Sunday, 12 April 2015

Day 68 of 182. Part one of my lifechanger.


Day 68 of 182

Sunday 12th March

 

I woke this morning feeling happy and excited, I’m meeting a friend for dinner tonight and that had me feeling this way.

 

The feeling of happiness is something I have been thinking about a lot lately as I have come to the realisation that it was the main trigger for my negative thoughts about myself and the also my disordered relationship with food and body image.

This has been a real life changer for me and I wrote today for hours, but I don’t feel it’s ready to post.

 I really want to take the time to get what I want to say right.

With my talk coming up on the 7th May I will have the amazing opportunity to say all I want to in person. Of course a little part of my mind was worrying and asking "will people come?"  I'm not letting it take over. I also know that for my first talk last year I visualized that room full (even though people thought I was crazy) and on the night it was. Focusing on what I want not what I don't want.

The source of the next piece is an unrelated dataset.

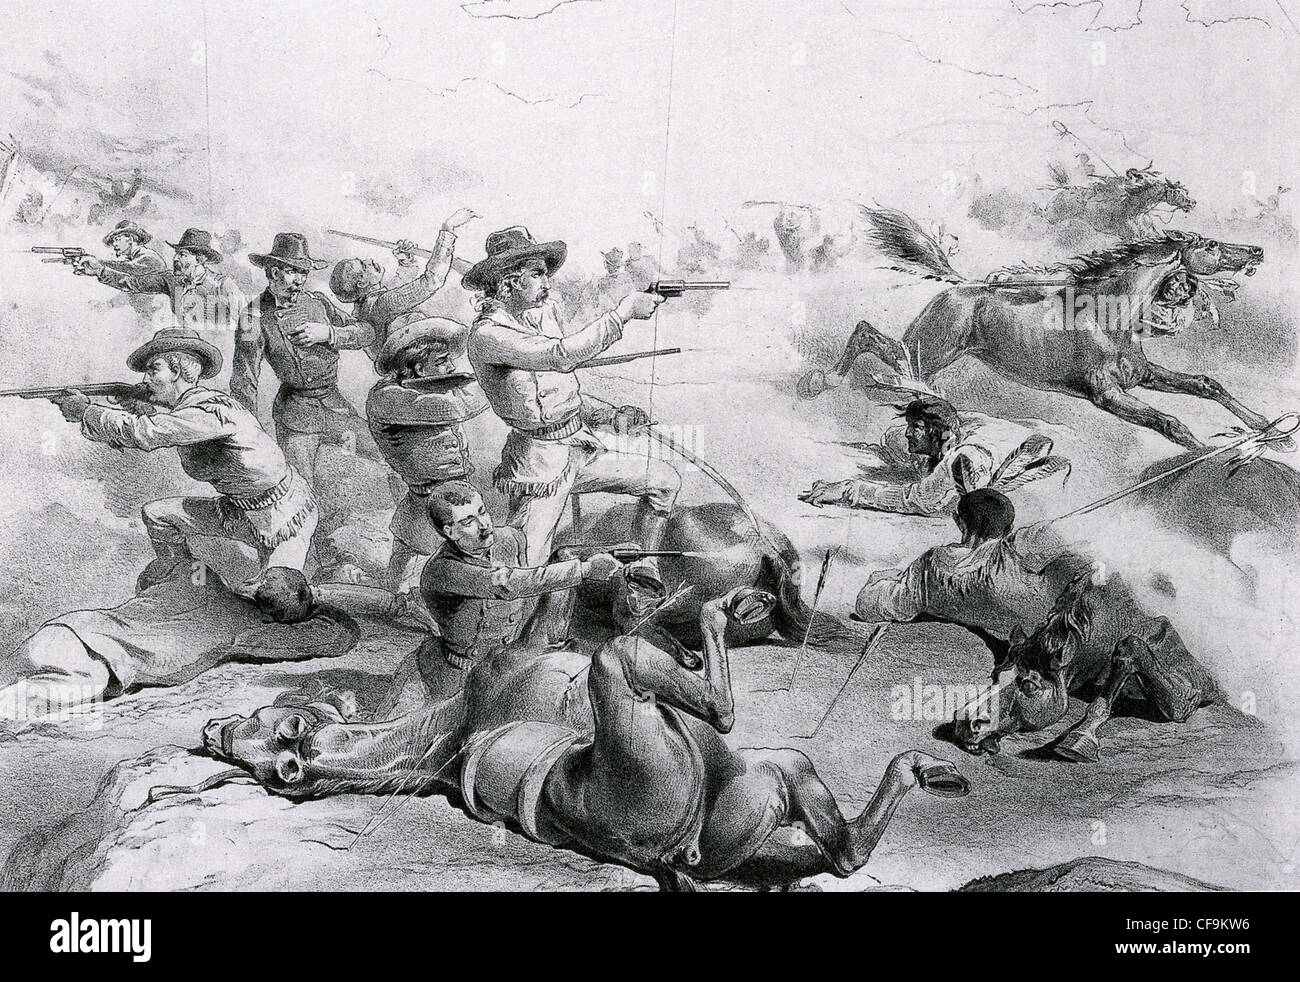 Schlacht von THE LITTLE BIGHORN nahe zeitgenössische Illustration des Custers letzte Gefecht am 26. Juni 1876 Stockfoto

 I know that whether through writing or talking the thing I'm meant to do is share all this that I'm learning because I know that it can help people. That's not me being self indulgent or thinking I have all the answers because I'm learning every day. But I know where I was and it was horrible and I know where I am now and it's amazing so I have to share how that happened.

A clip from the end of the blog I wrote today is below...

 

The past is full of events some of them painful and upsetting, that joined together to make us who we are. We can’t change them. We can trawl through them trying to find the how’s and why’s but I believe this brings more pain.

It is simpler-simple does not mean easy- but it is simpler to begin now to learn to love yourself.

 When you do this, when you forgive yourself, let go of guilt, anger and resentment. When you start fresh and begin to love you, you will begin to believe you deserve happiness and unlock the door to a life beyond your wildest dreams.